It’s been nigh on a year since the foremost cultural export of Mullumbimby, a town in Australia, promised she was "work, work, work, work, working on my shit." The refrain (from Iggy Azalea’s breakout hit "Work") hints at how a rapper with such an apparent demographic handicap—white, female, Antipodean—has managed to earn props from rap royalty like Nas while racking up YouTube views. Whether New York or New South Wales, hip-hop loves a hustler.
But has all that graft paid off on her major label debut? No doubt Azalea plays to her substantive strengths, penning tracks that rigidly comply to one of three categories: underdog triumphalism ("Impossible is Nothing"); girl power defiance ("Goddess," "Fuck Love"); and boy-baiting drama ("New Bitch" and "Black Widow" featuring Rita Ora).

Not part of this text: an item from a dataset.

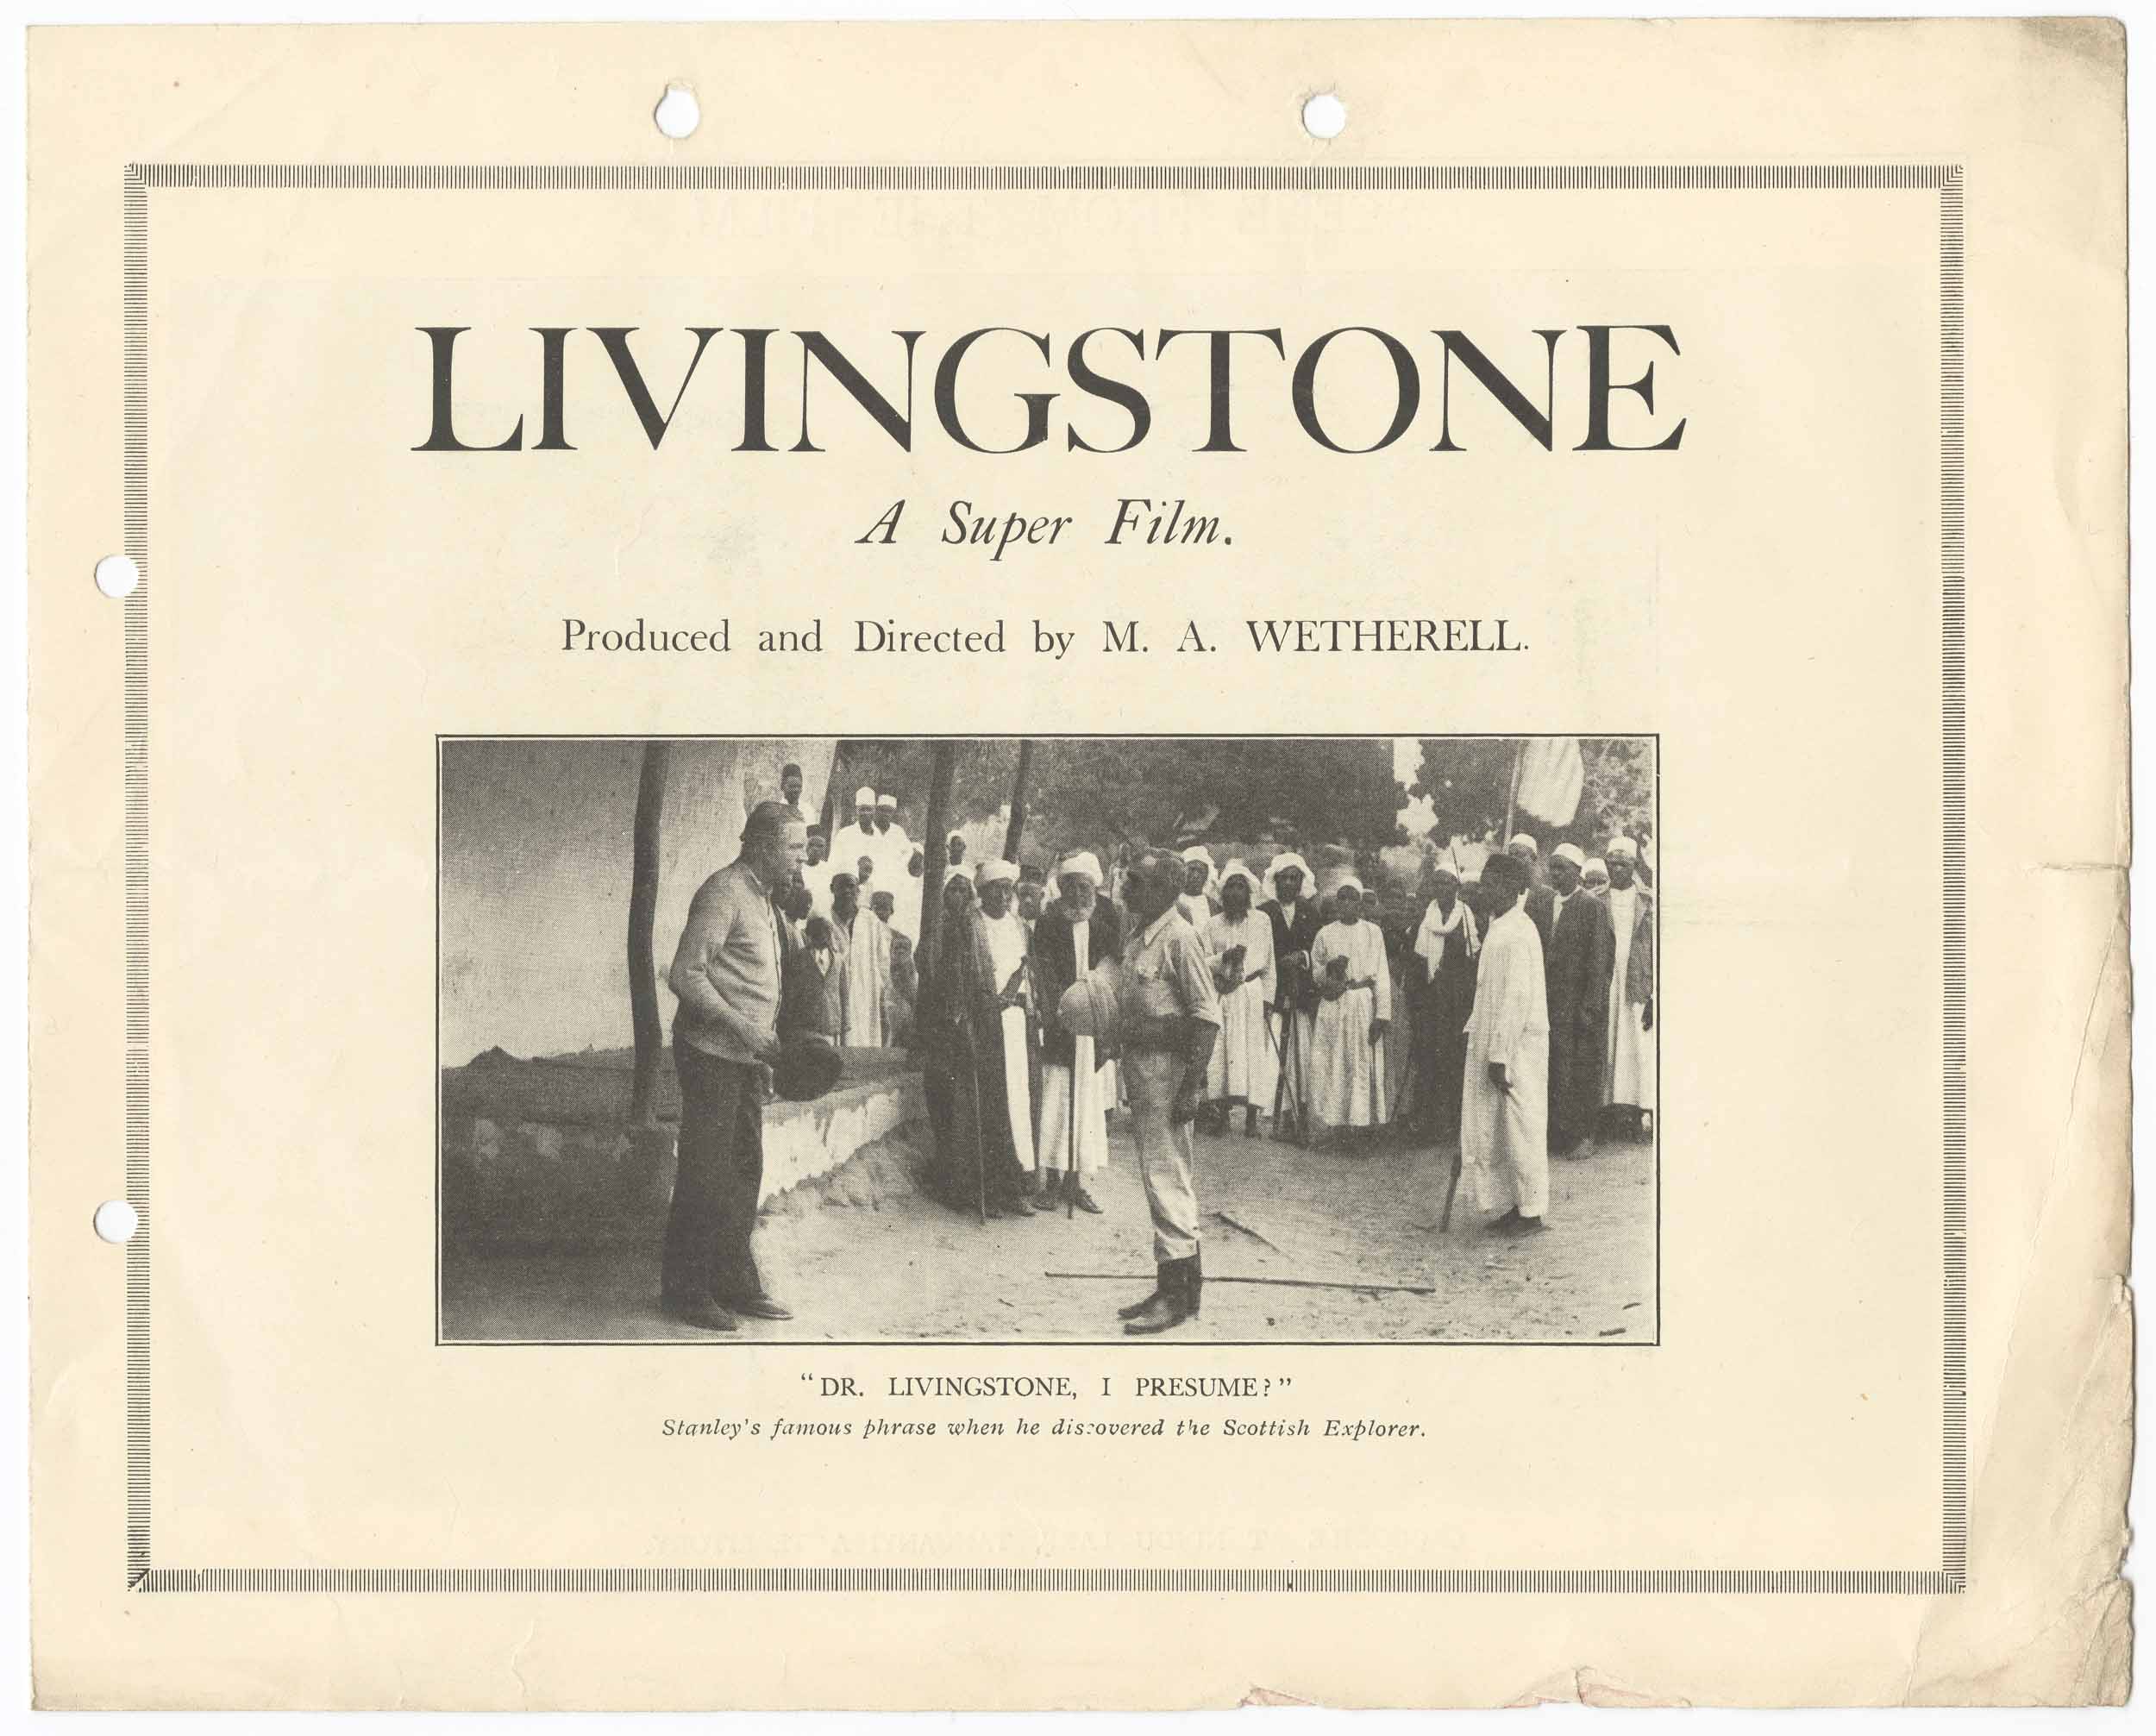 Promotional Leaflet for Livingstone: A Super Film (Film), 1925, by Hero Films Ltd. Copyright National Library of Scotland. Creative Commons Share-alike 2.5 UK: Scotland (https://creativecommons.org/licenses/by-nc-sa/2.5/scotland/).
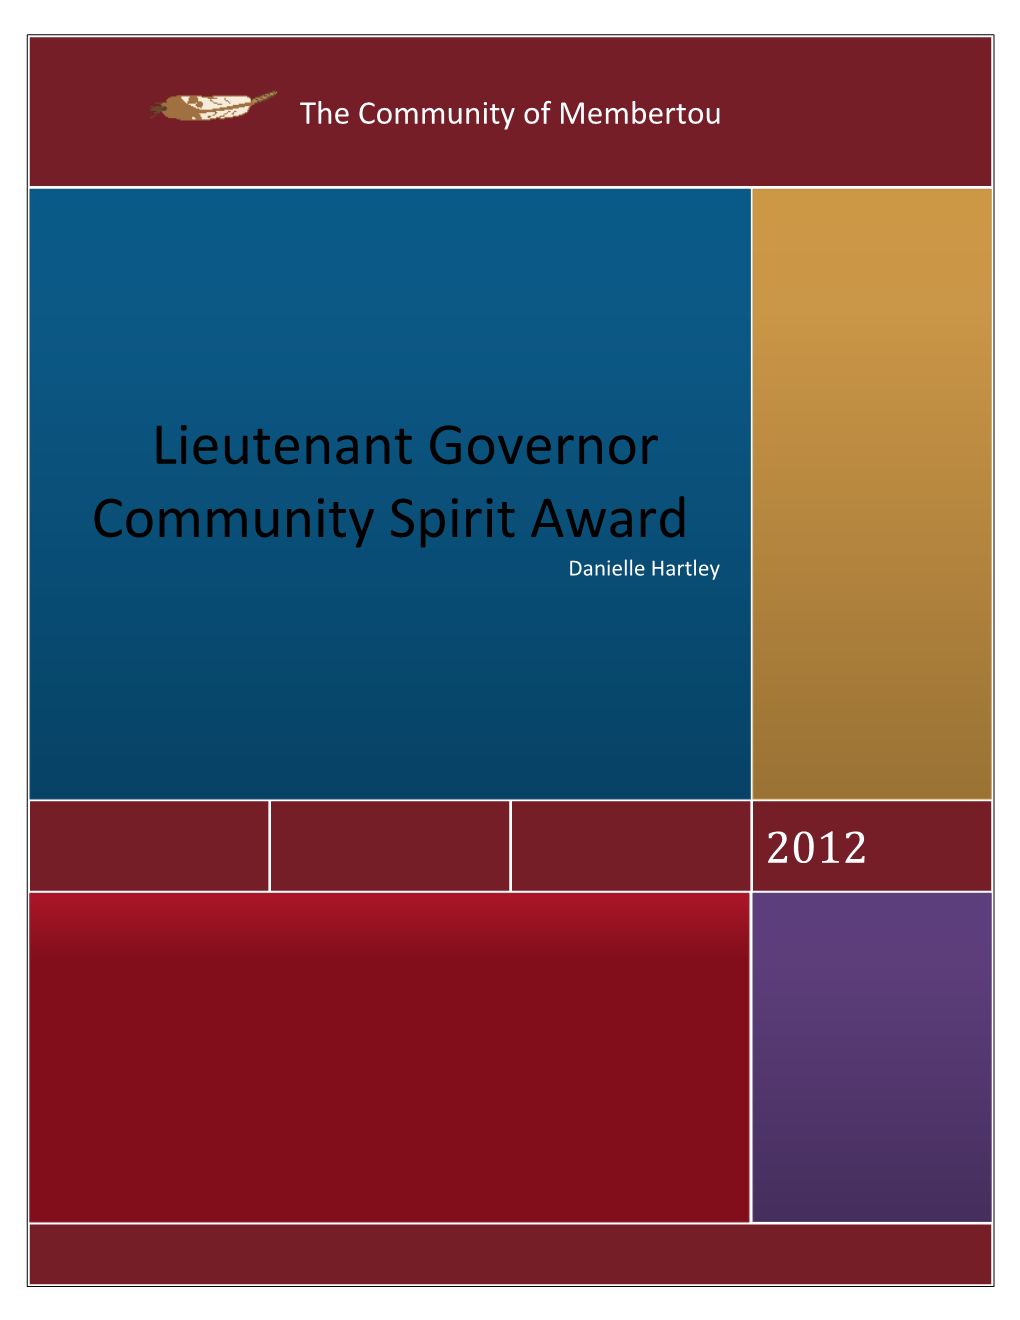 Lieutenant Governor Community Spirit Award Nomination

More striking is her stylistic growth. Where mixtape Azalea crowded the beat, tripping over her (let’s be honest) cartoonish accent, album Azalea has learned to let it breathe. With production this melodic, flitting from pathos-drenched strings to bouncy club synths, the newly composed sound of Azalea is sure to resonate around teenagers’ bedrooms this summer.
It might not permeate beyond, though. The New Classic knows its audience so well that it largely alienates those outside it. To grown-up ears, it sounds like a confection. This is a good album. But classic? For that, Iggy will still have to work harder.